RAW_BUFFERClick to expand / collapse

What is the issue?

Problem

After upgrading from Ollama v0.24.0 to v0.30, performance became much slower on the same machine with the same model and same prompt.

This is not related to RAG or Open WebUI retrieval. I tested with a normal prompt without RAG and the slowdown is still present.

Hardware

OS: Debian Linux
GPUs: 5x NVIDIA GTX 1070 Ti, 8 GB each
Total VRAM: around 40 GB
NVIDIA CUDA backend
Multi-GPU setup

Model

Model: gemma4:26b-a4b-it-q4_K_M
Also tested a forced GPU-offload copy using: PARAMETER num_gpu 999
The forced version did not fix the problem.

Ollama v0.24.0 behavior

VRAM usage: around 25 GB
GPU utilization: all 5 GPUs are used steadily, around 25%
GPU clocks go high, around 1.9 GHz
Same simple prompt without RAG:
- input_tokens: 50
- output_tokens: 978
- prompt_token/s: around 303.8
- response_token/s: around 34.26
- total_duration: around 30 seconds

Ollama v0.30 behavior

VRAM usage: around 20 GB
GPU utilization: abnormal
GPU clocks stay very low, sometimes around 139 MHz / 405 MHz
Power usage stays very low compared to v0.24
Same simple prompt without RAG:
- input_tokens: 39
- output_tokens: 812
- prompt_token/s: around 11.73
- response_token/s: around 5.62
- total_duration: around 2m29s

Additional log example from v0.30

Generation starts faster, then slows down continuously:

n_decoded = 100, tg = 32.66 t/s
n_decoded = 280, tg = 18.42 t/s
n_decoded = 456, tg = 9.90 t/s
n_decoded = 722, tg = 6.83 t/s

Expected behavior

Ollama v0.30 should have similar performance to v0.24.0 on the same model and hardware, or at least should not be 5x slower.

Actual behavior

v0.30 uses less VRAM, but performance is much worse. GPU clocks and power usage stay low, and GPU utilization becomes bursty instead of steady.
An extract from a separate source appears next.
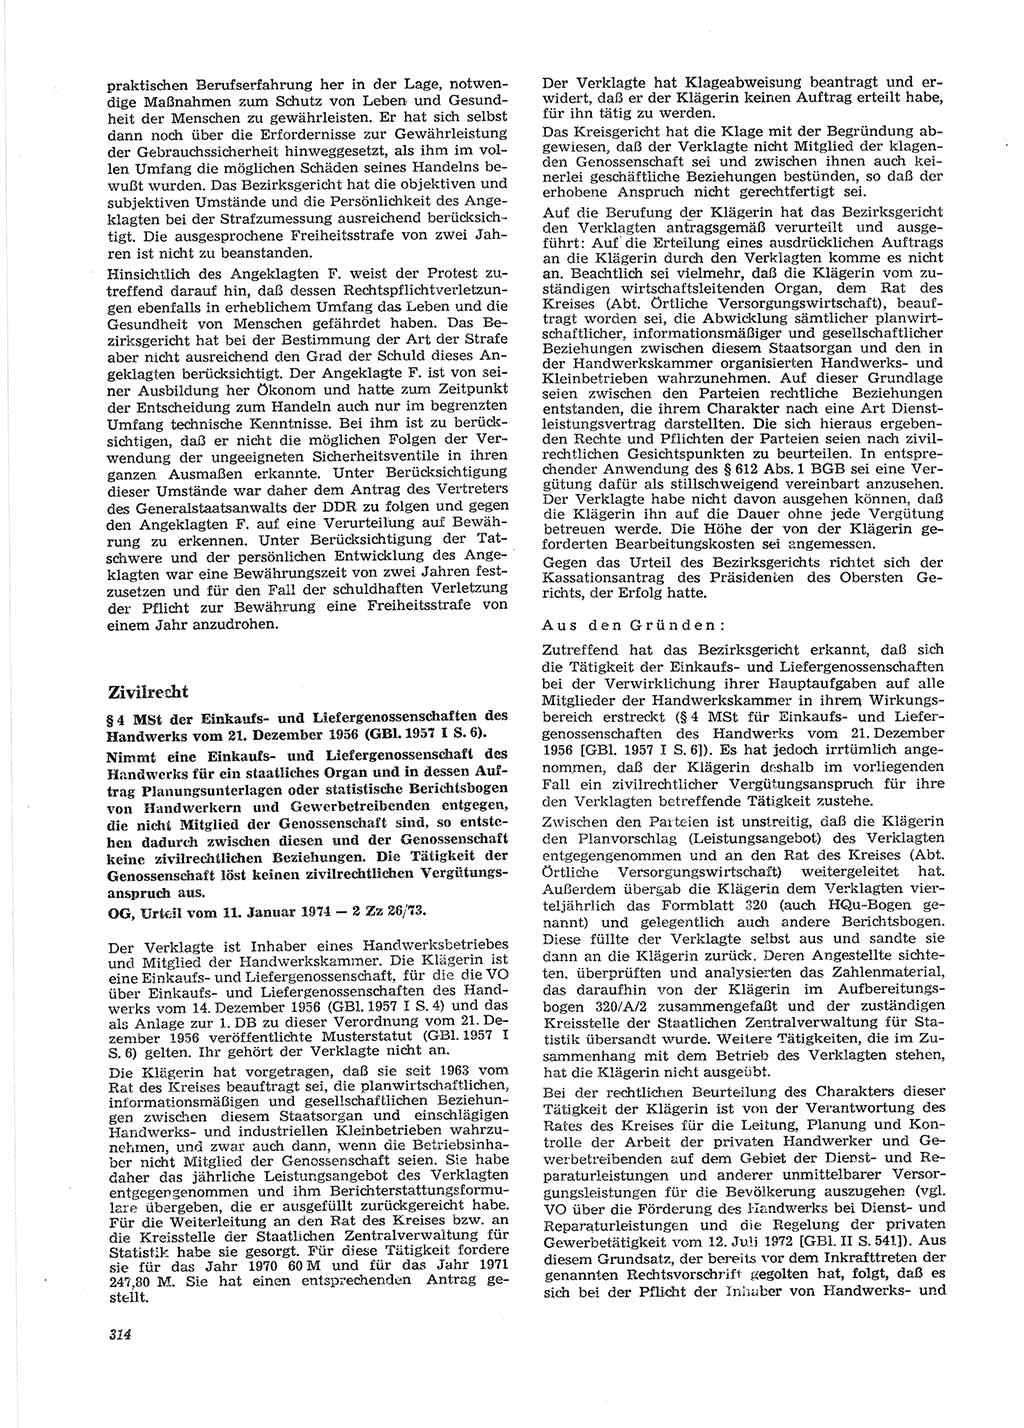 Neue Justiz (NJ), Zeitschrift für Recht und Rechtswissenschaft [Deutsche Demokratische Republik (DDR)], 28. Jahrgang 1974, Seite 314 (NJ DDR 1974, S. 314)
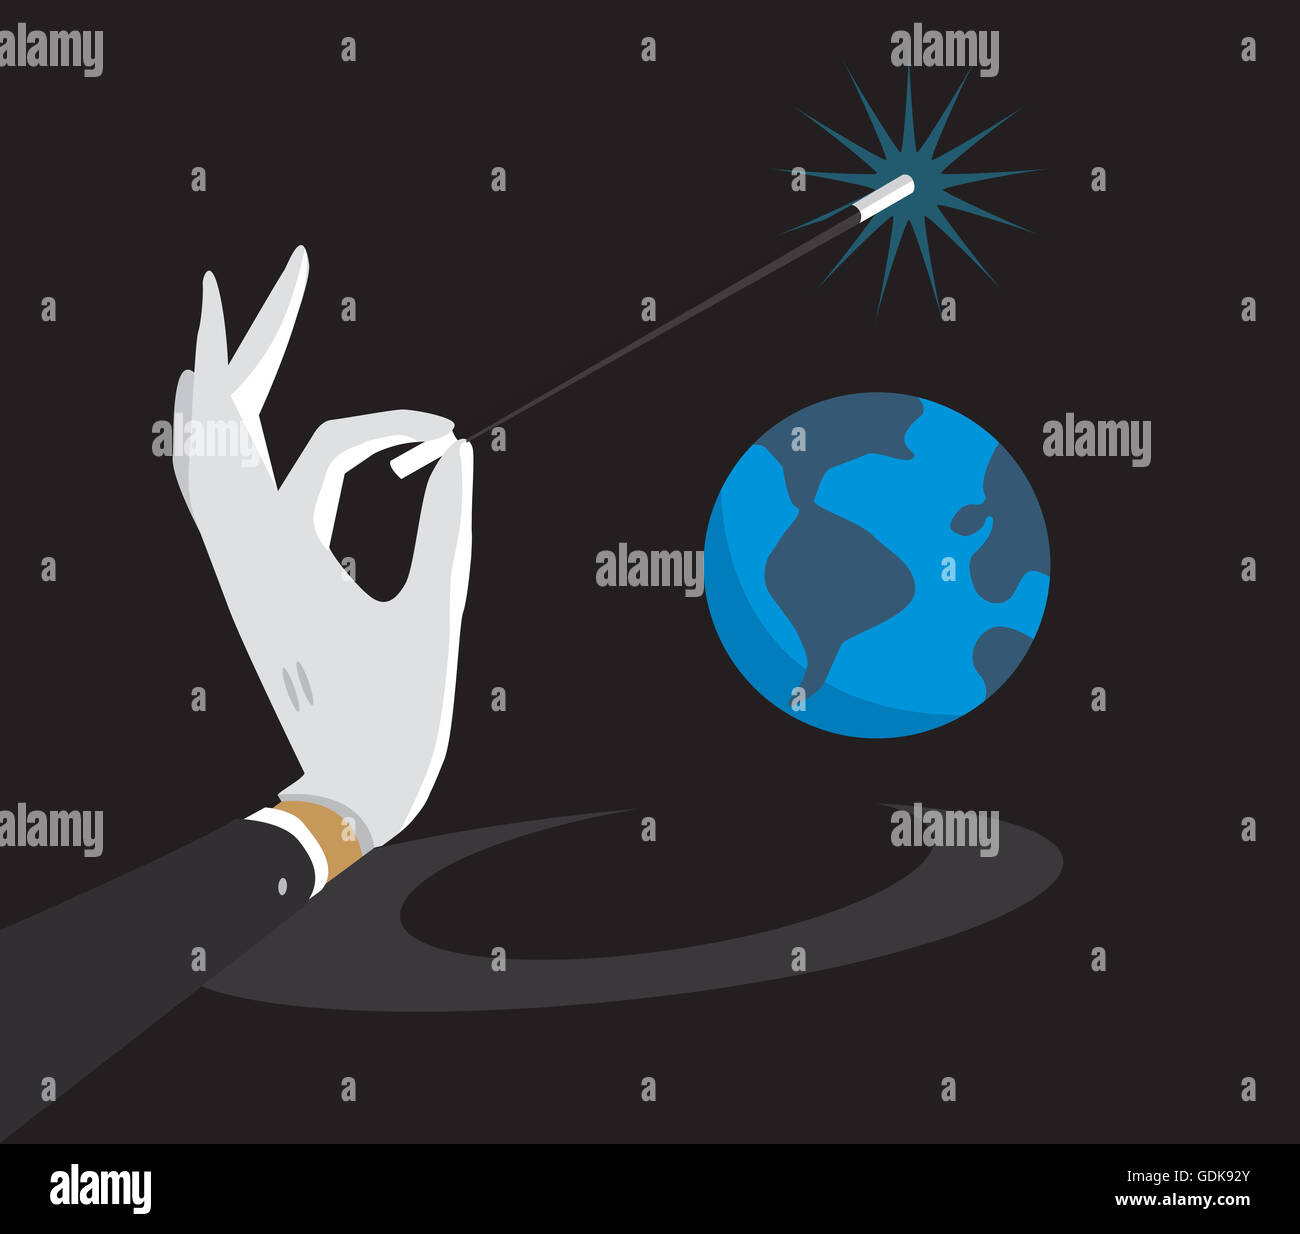 Cartoon illustration of magic wand enchanting tiny planet earth Stock Photo

This looks like a regression in CUDA / multi-GPU scheduling / offload behavior in the newer llama.cpp / llama-server based runtime, especially on older Pascal GPUs.

Request

Can you check if v0.30 changed the GPU split/offload behavior compared to v0.24.0?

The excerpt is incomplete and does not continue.